COMMAND
ws_ftp
SYSTEMS AFFECTED
ws_ftp pro 6.51
PROBLEM
Crawling KingSnake found following. ws_ftp pro 6.51 exposes
internal IP addresses when connecting using PASV mode and the
target site is using ipfilter. This was tested on a network using
OpenBSD 2.7 as the firewall/gateway with several internally
addressed machines running different server applications. Here
is a log:
230 User xxxxx logged in.
PWD
257 "/" is current directory.
Host type (I): Microsoft NT
PORT 209,74,14,36,6,60
200 PORT command successful.
LIST
150 Opening ASCII mode data connection for /bin/ls.
! Accept error: Blocking call cancelled
! Retrieve of folder listing failed (0)
QUIT
425 Can't open data connection.
- -
connecting to 216.37.xx.xx:2100
Connected to 216.37.xx.xx port 2100
220 saranac Microsoft FTP Service (Version 5.0).
USER xxx
331 Password required for xxxx.
PASS (hidden)
230-========================================
<snip>
230-
230-
230 User xxxx logged in.
PWD
257 "/" is current directory.
Host type (I): Microsoft NT
PASV
227 Entering Passive Mode (192,168,1,5,6,184).
connecting to 192.168.1.5:1720
- -
connecting to 192.168.1.5:1720
! Connection failed 192.168.1.5 - host unreachable
! connect: error 0
PORT 209,74,14,36,6,63
200 PORT command successful.
LIST
150 Opening ASCII mode data connection for /bin/ls.

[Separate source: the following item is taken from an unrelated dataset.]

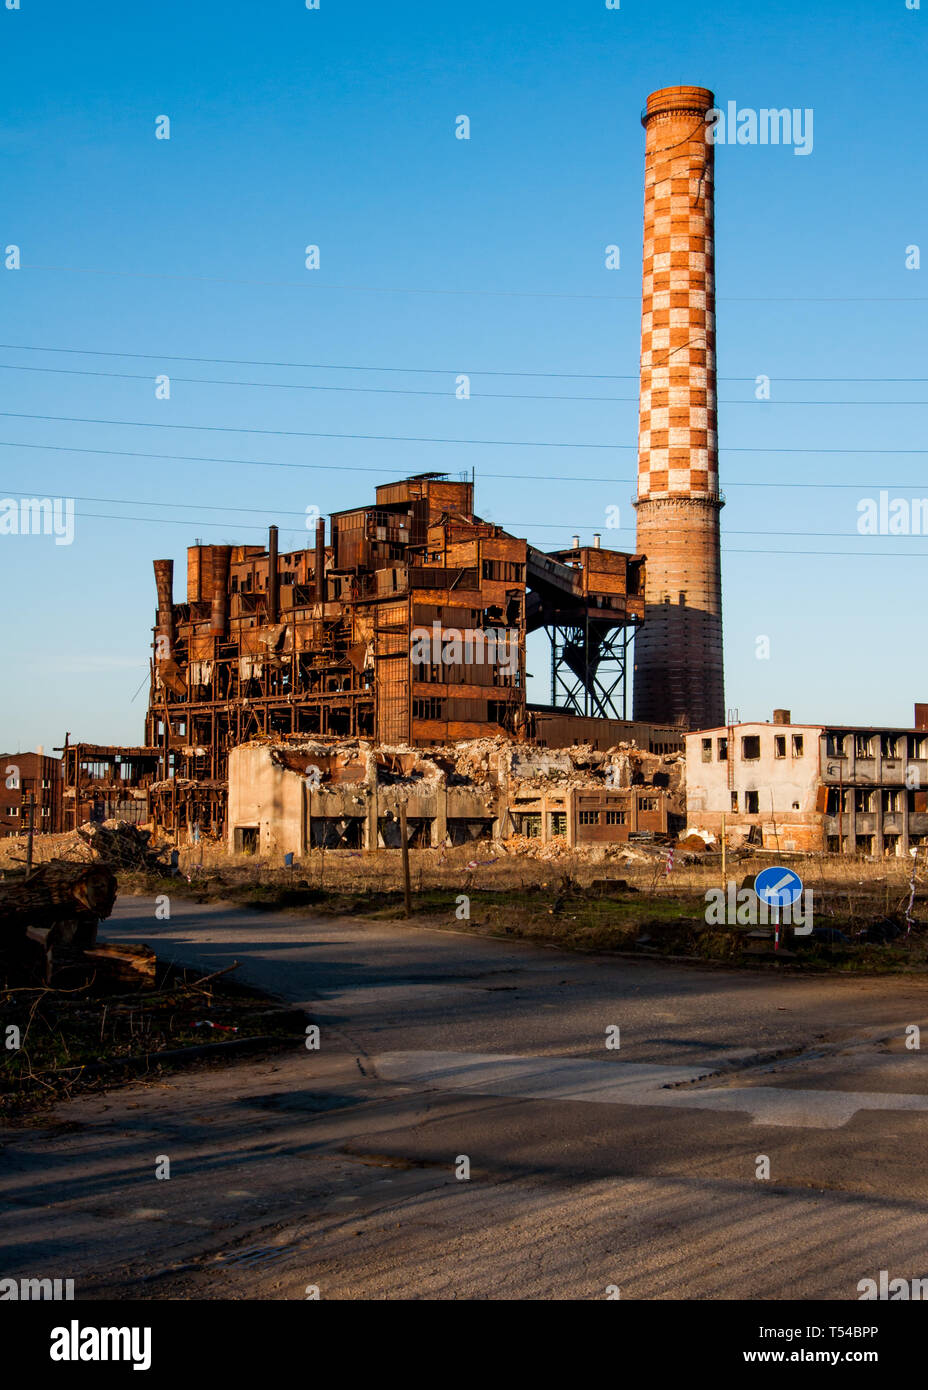 Ruines de l'ancienne usine de traitement de minerai de fer (aglomerace) à Ostrava, République tchèque Vitkovice Banque D'Images

! Timer cancelled blocking call
! Accept error: Blocking call cancelled
! Retrieve of folder listing failed (0)
QUIT
425 Can't open data connection.
CK has cleansed the log to protect the network. But as you can
see the first attempt fails and somehow the internal address is
exposed to ws_ftp and then to the user. The second login attempt
happens automatically, immediately after the first login failure.
A malicious person could use this information to specifically
target the internal machines if/when a breach of the gateway box
occurs.
SOLUTION
Vendor was notified but no response.